Other dignitaries who will be at tonight's ANZAC Eve Vigil include NSW Police Commissioner, Andrew Scipione; the Consul General of Papua New Guinea, Ms Pidiwin Raho Tau-Vali, the Hon John Murphy, Federal member for Reid who is representing the Prime Minister.
The NSW Minister for Justice and Attorney General, the Hon Greg Smith will also attend as the representative of NSW Premier Barry O'Farrell while the Hon Luke Foley will be at the Vigl and representing the NSW Leader of the Opposition.
Other important attendees include Rear Admiral Tim Barrett, Commander of the Australian Fleet, Don Rowe, State President of the Returned Services League of Australia (NSW) and Brigadier Christopher Field, Chief of Staff Headquarters Command.
Lest we Forget
li and commemorating the men and women who have fought for Australia on the battlefields of World War I and World War II as well as those who fought in Vietnam, the Gulf War and more recently deployed to Iraq and Afghanistan, Mons Flynn points out that our military is also called on in times of natural disasters.

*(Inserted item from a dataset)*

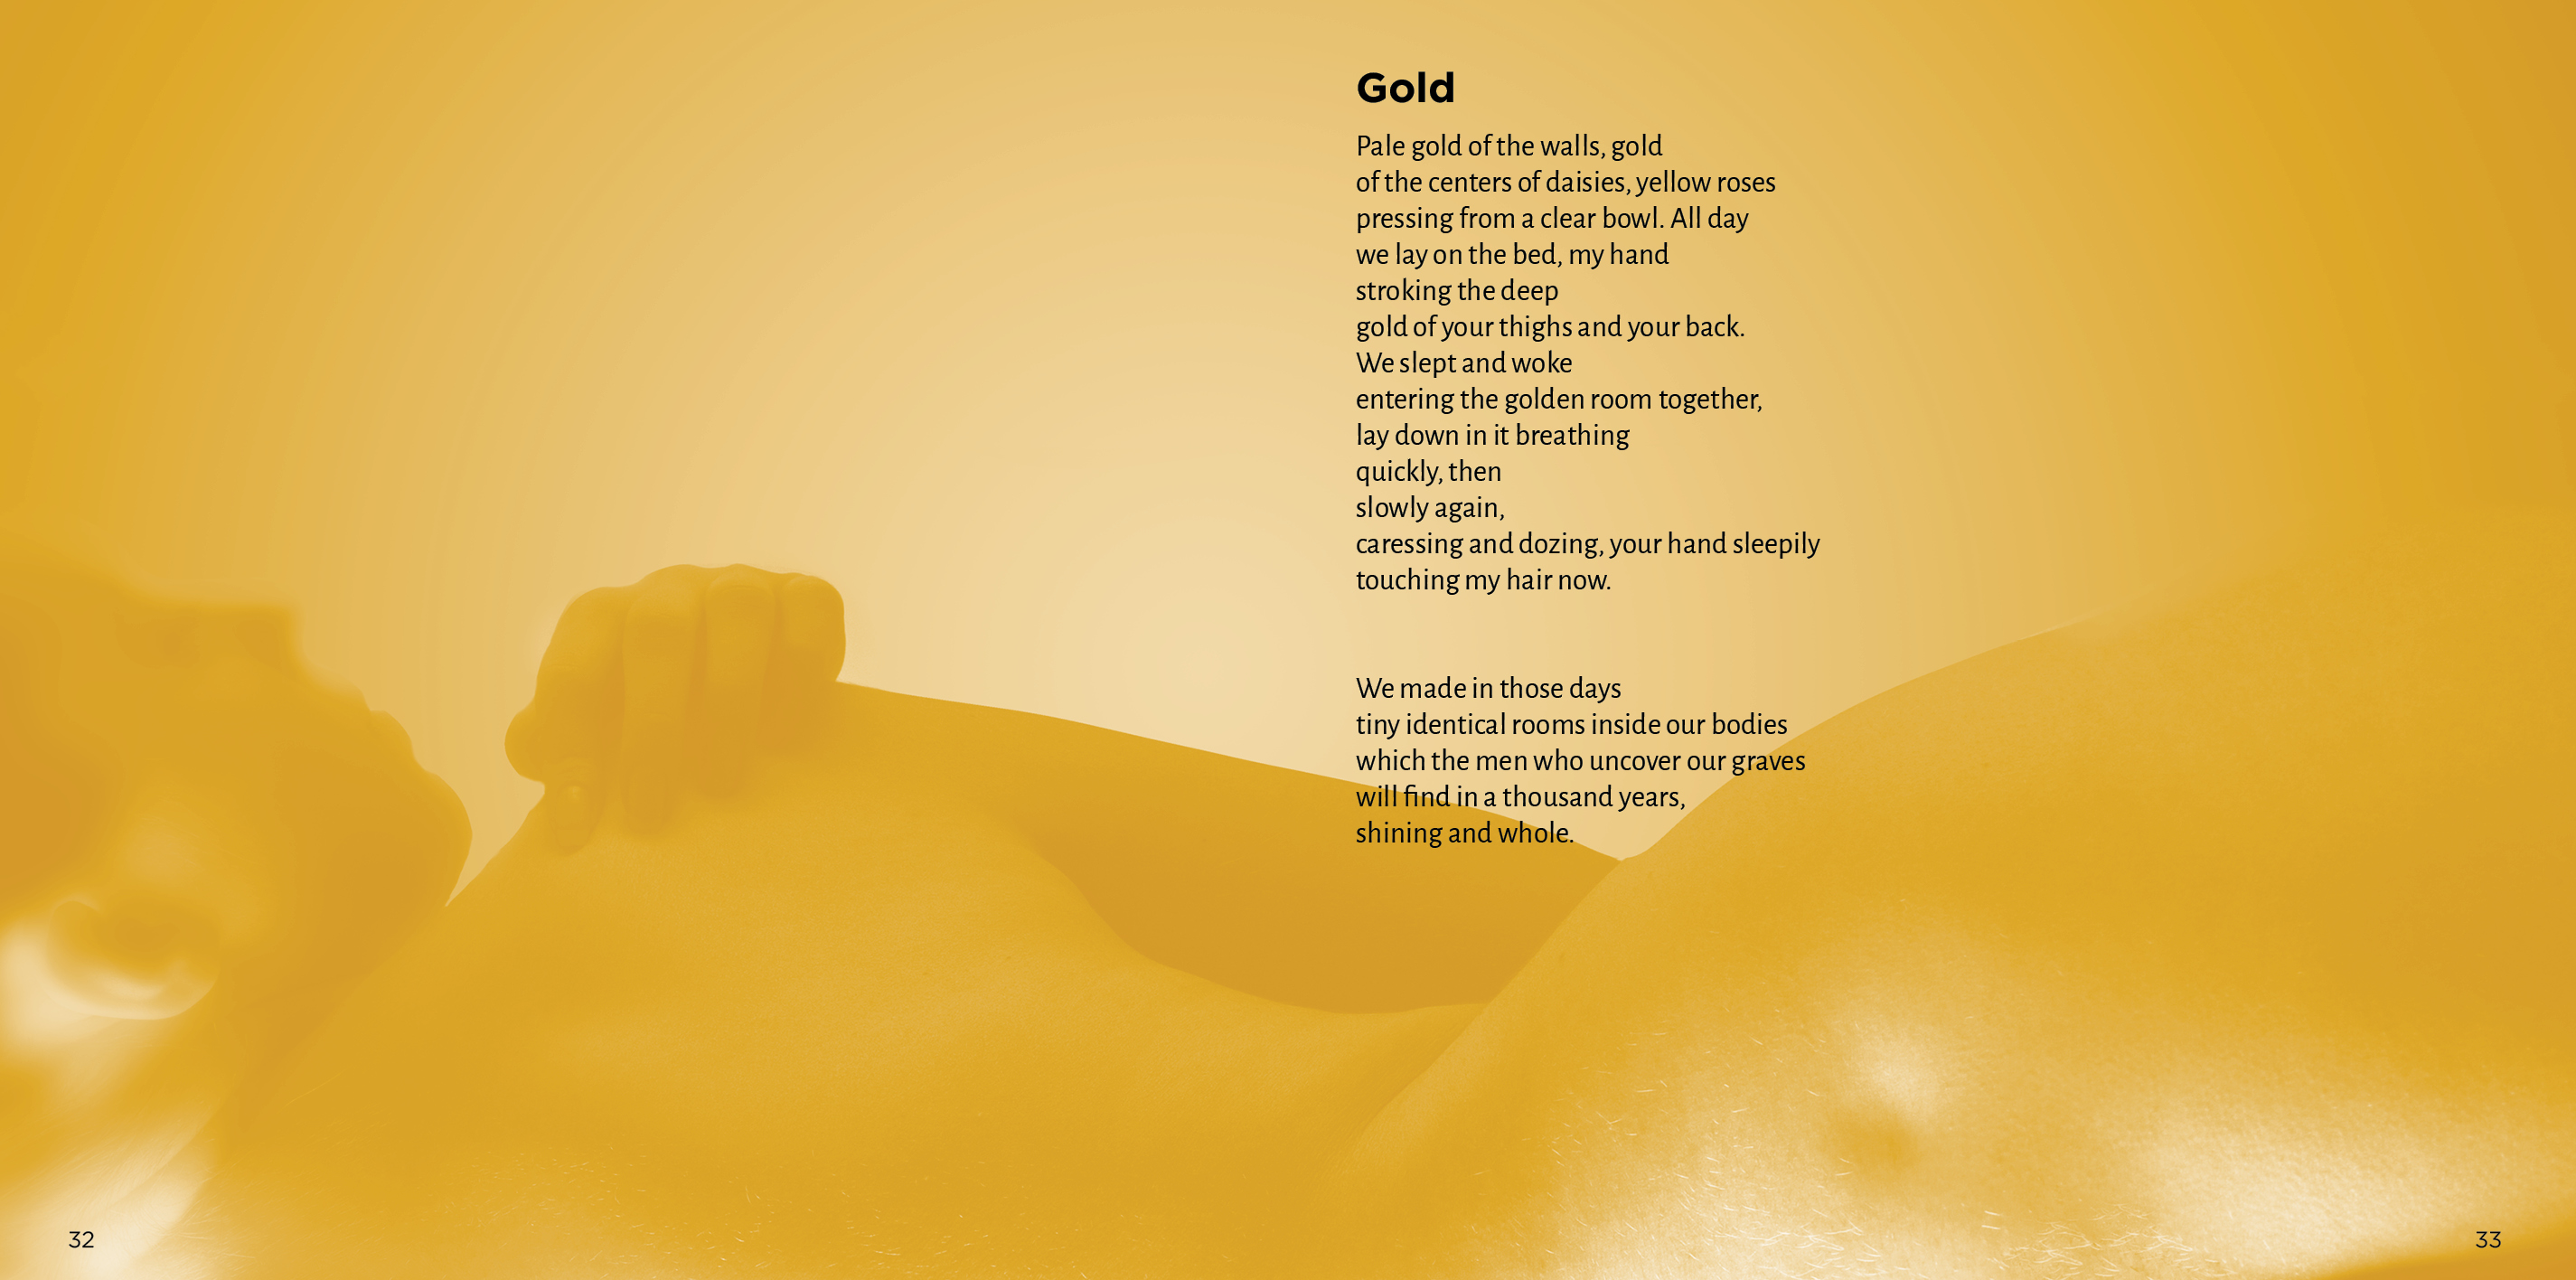 Gold by Donald Hall

"Our recent history has seen the Australian Defence Force supporting poorer nations in times of natural disasters," he says and points out that in the past several years Australian troops have been sent to Samoa, New Guinea, Indonesia in the wake of earthquake-triggered tsunamis and helped these nations get back on their feet.
"I am filled with admiration and gratitude for the work carried out by past and present men and women in the services," he says.
"Australia's military are also very good at peace keeping and have played key roles as peace keepers in Cambodia, Somalia and other regions in the past few years."
The Principal Celebrant at tonight's ANZAC Eve Vigil of Remembrance will be Bishop Julian Porteous, Auxiliary Bishop and Administrator of the Archdiocese of Sydney during the absence of the Archbishop of Sydney, Cardinal George Pell who is currently in Rome.
The original ANZACS landing at Gallipoli in 1914
During the mass the Colours of the Three Services will be paraded into the Cathedral. A military band will also play and many past and present officers and members of the armed forces will attend.
The public is welcome at this Vigil of Remembrance to commemorate the fallen and to pray for all those who serve or have served the nation whether in defence of Australia, in the role as peace keepers or as part of the military deployments sent to help nations struck by natural disasters recover and rebuild.
The ANZAC Eve Solemn Vigil Mass of Remembrance at St Mary's Cathedral begins at 5.30 pm today, 24 April.